[TASK OBJECTIVE]: Please make an exact copy of the listing, without the pictures.

[STORED DATA]:
—————

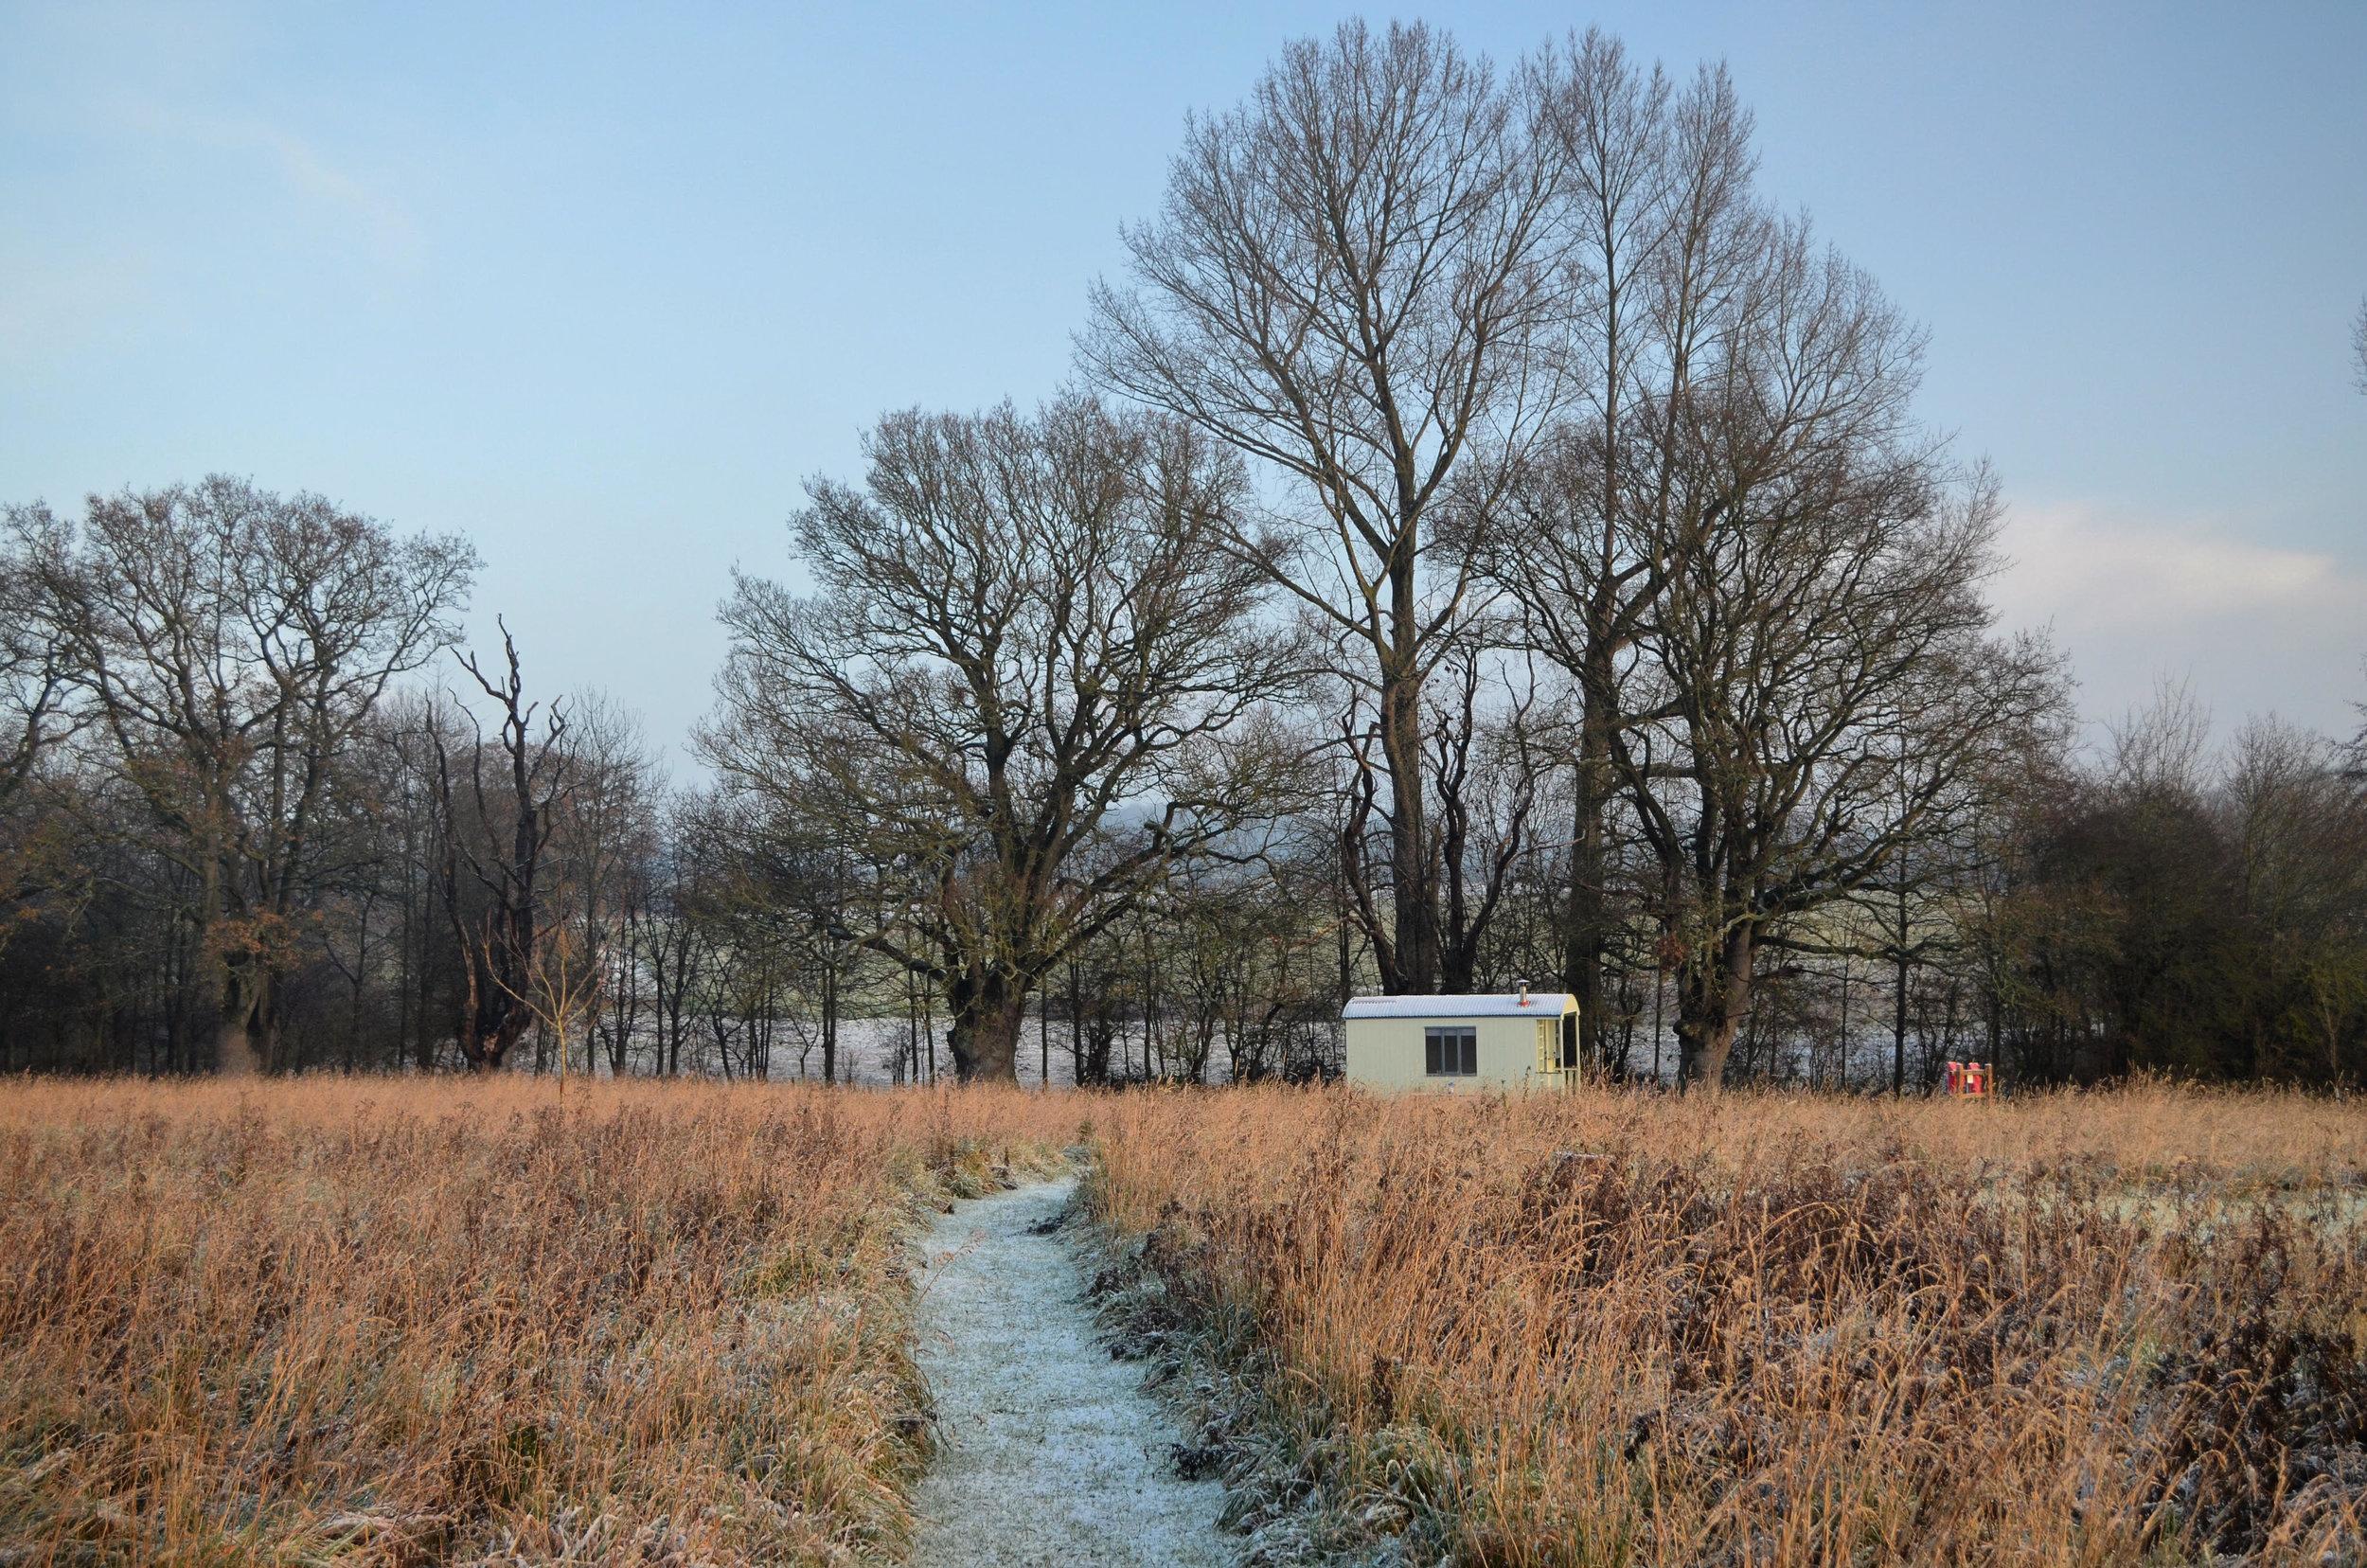 Wardley Hill Campsite - - Wardley Hill Campsite
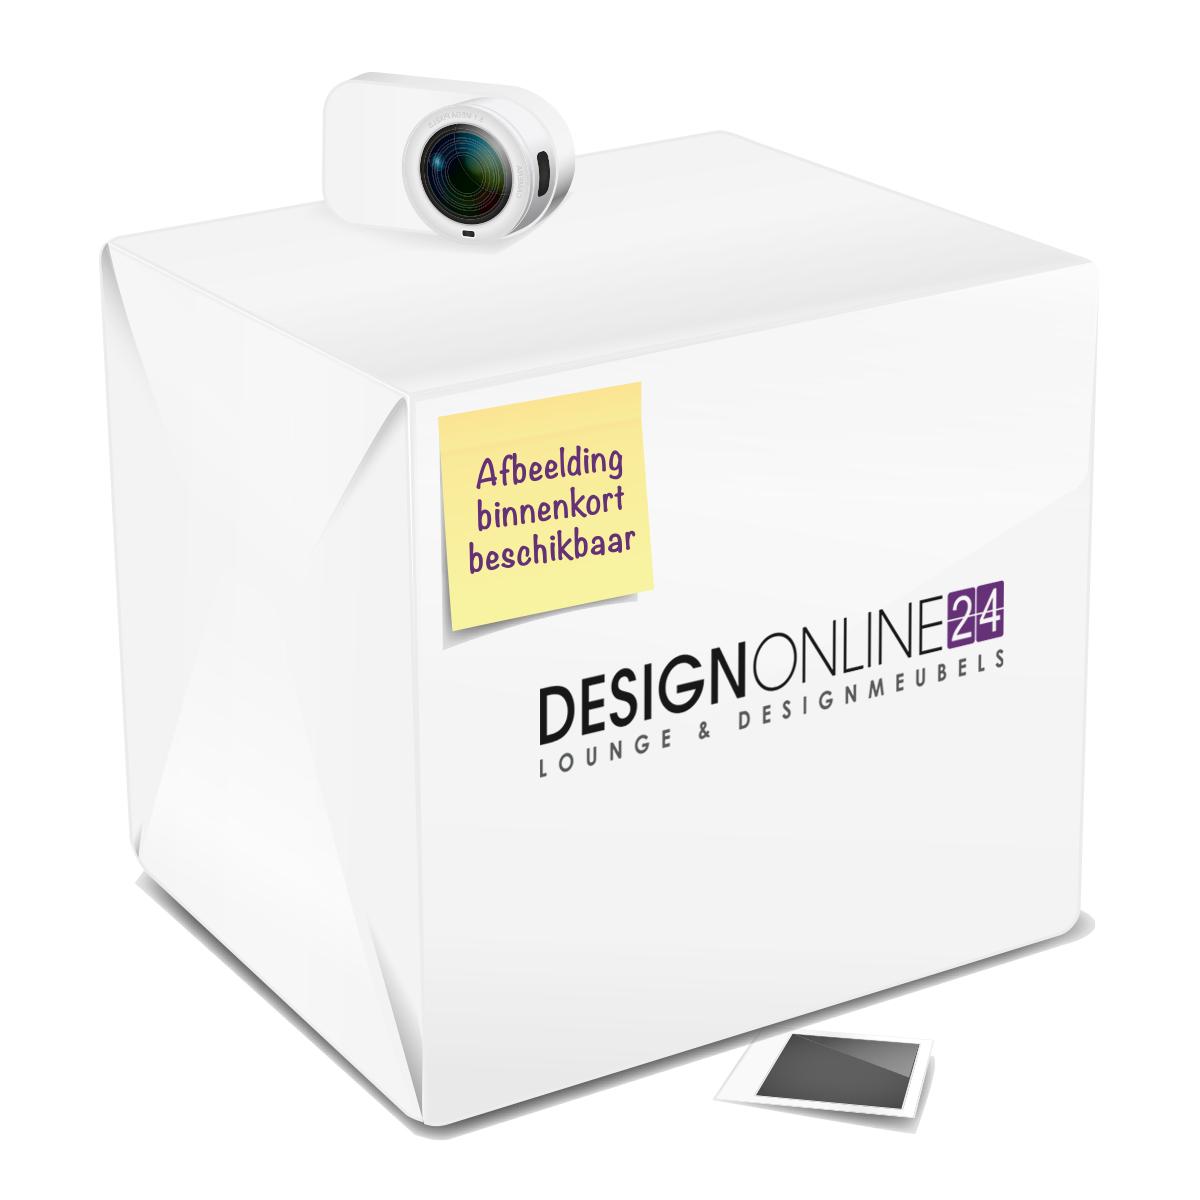 d-Bodhi Fendy Locker Kast - 3 Deurs - L120 x B40 x H160 cm - Teakhout + Gratis Design Tafellamp twv € 79,95
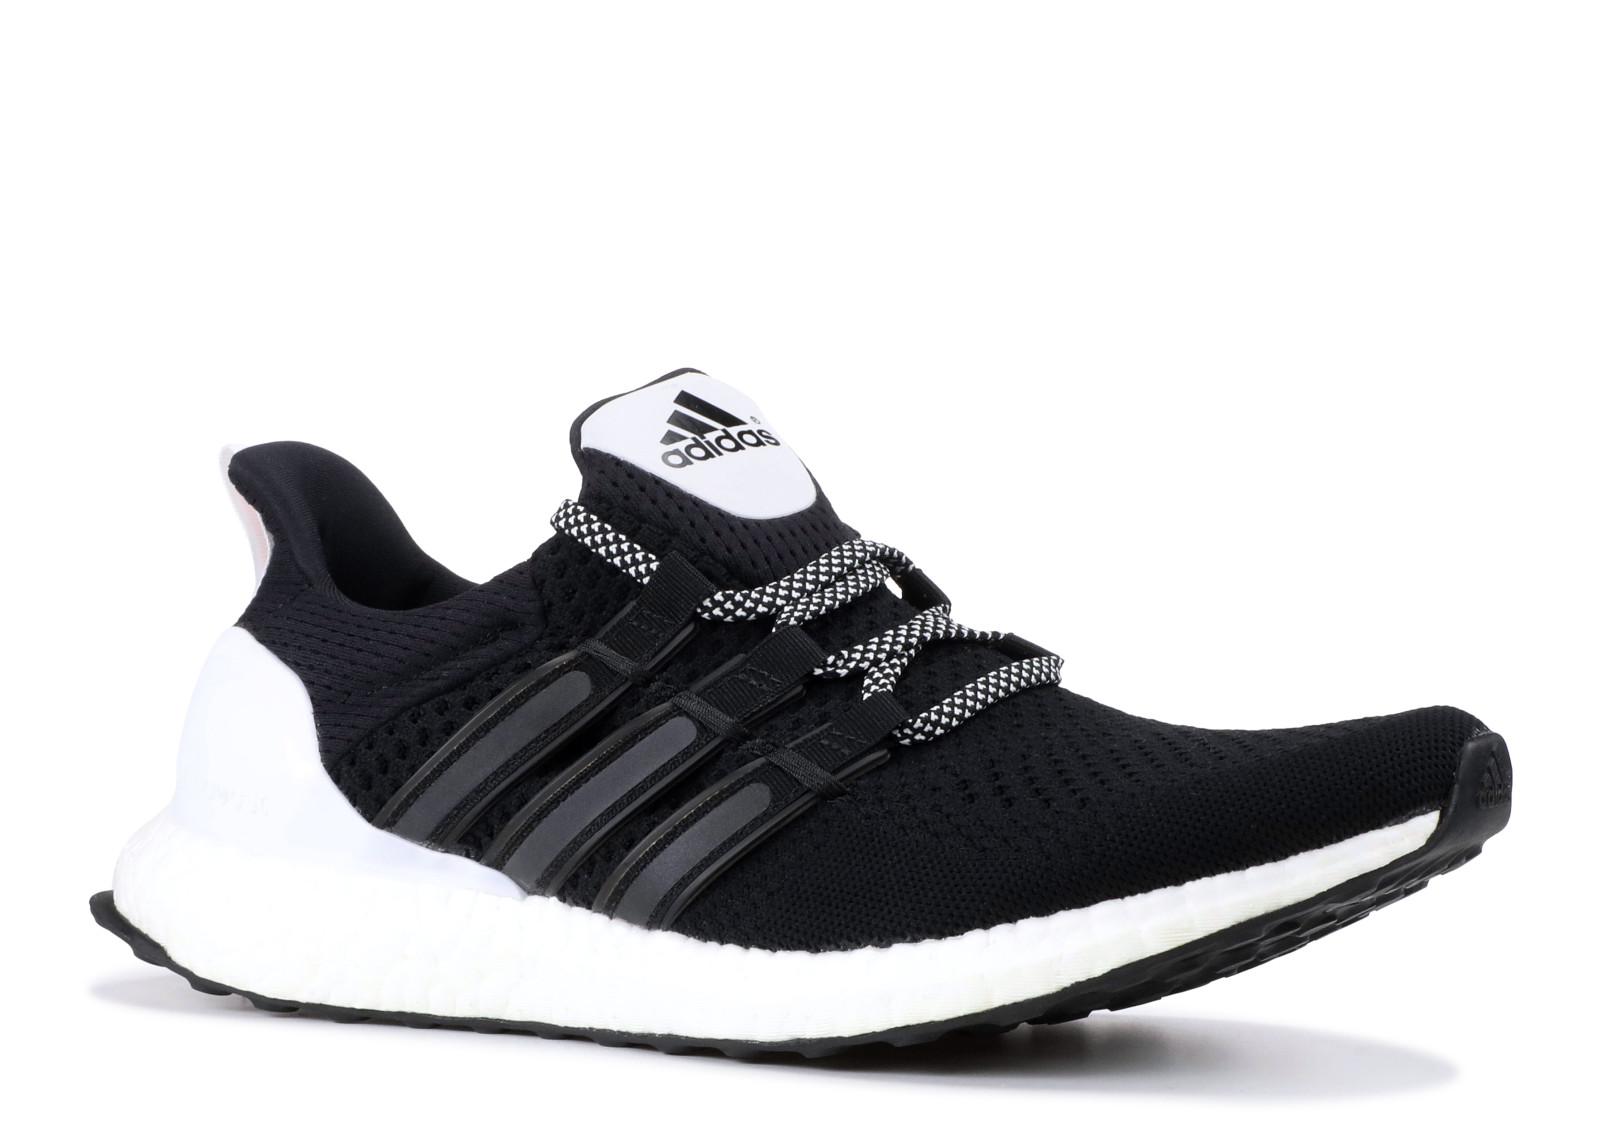 on sale 74fc7 b57b9 Kick Avenue - Authentic Sneakers
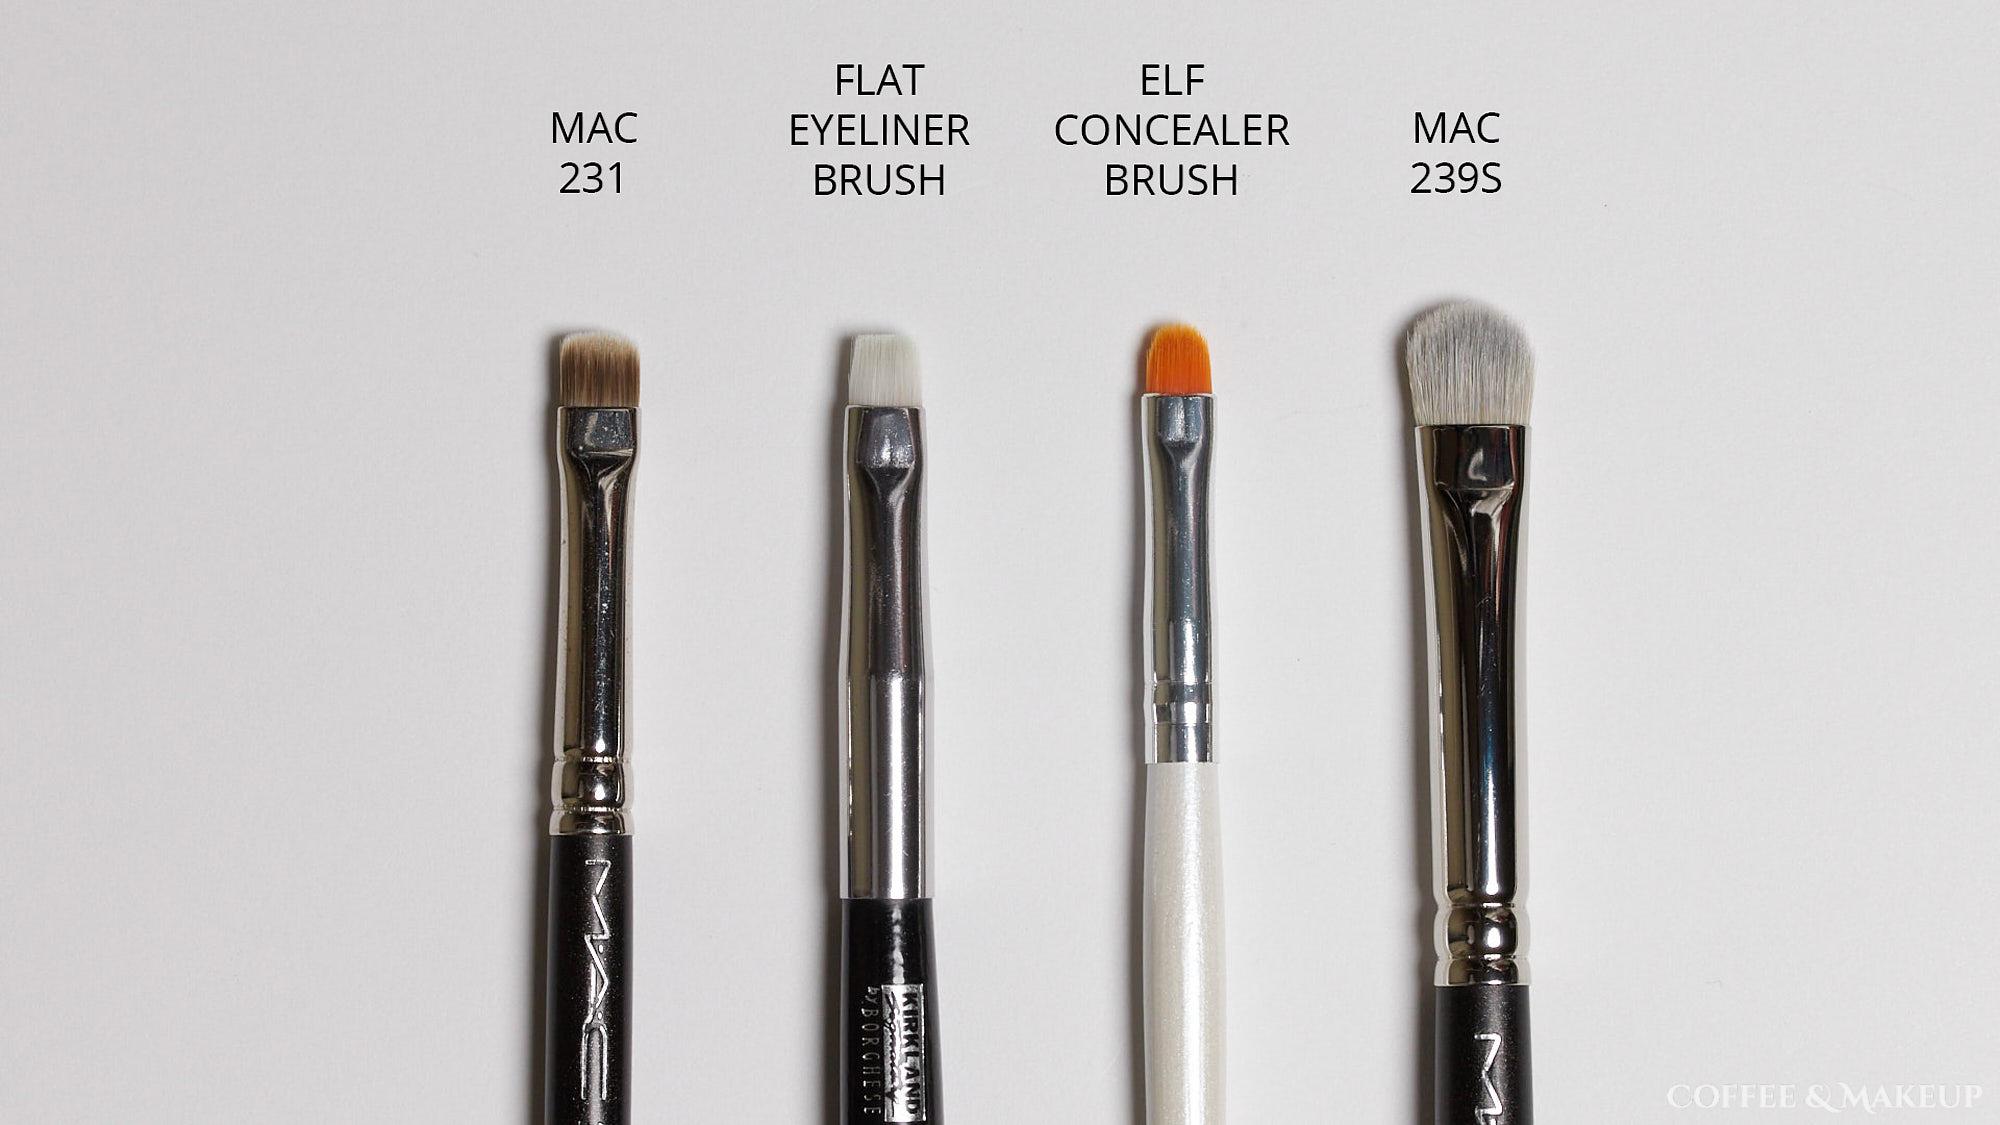 Mac 231 Brush Comparisons

—————

[ANSWER TO THE EXERCISE]:
 Wardley Hill Campsite - - Wardley Hill Campsite
 d-Bodhi Fendy Locker Kast - 3 Deurs - L120 x B40 x H160 cm - Teakhout + Gratis Design Tafellamp twv € 79,95
 on sale 74fc7 b57b9 Kick Avenue - Authentic Sneakers
 Mac 231 Brush Comparisons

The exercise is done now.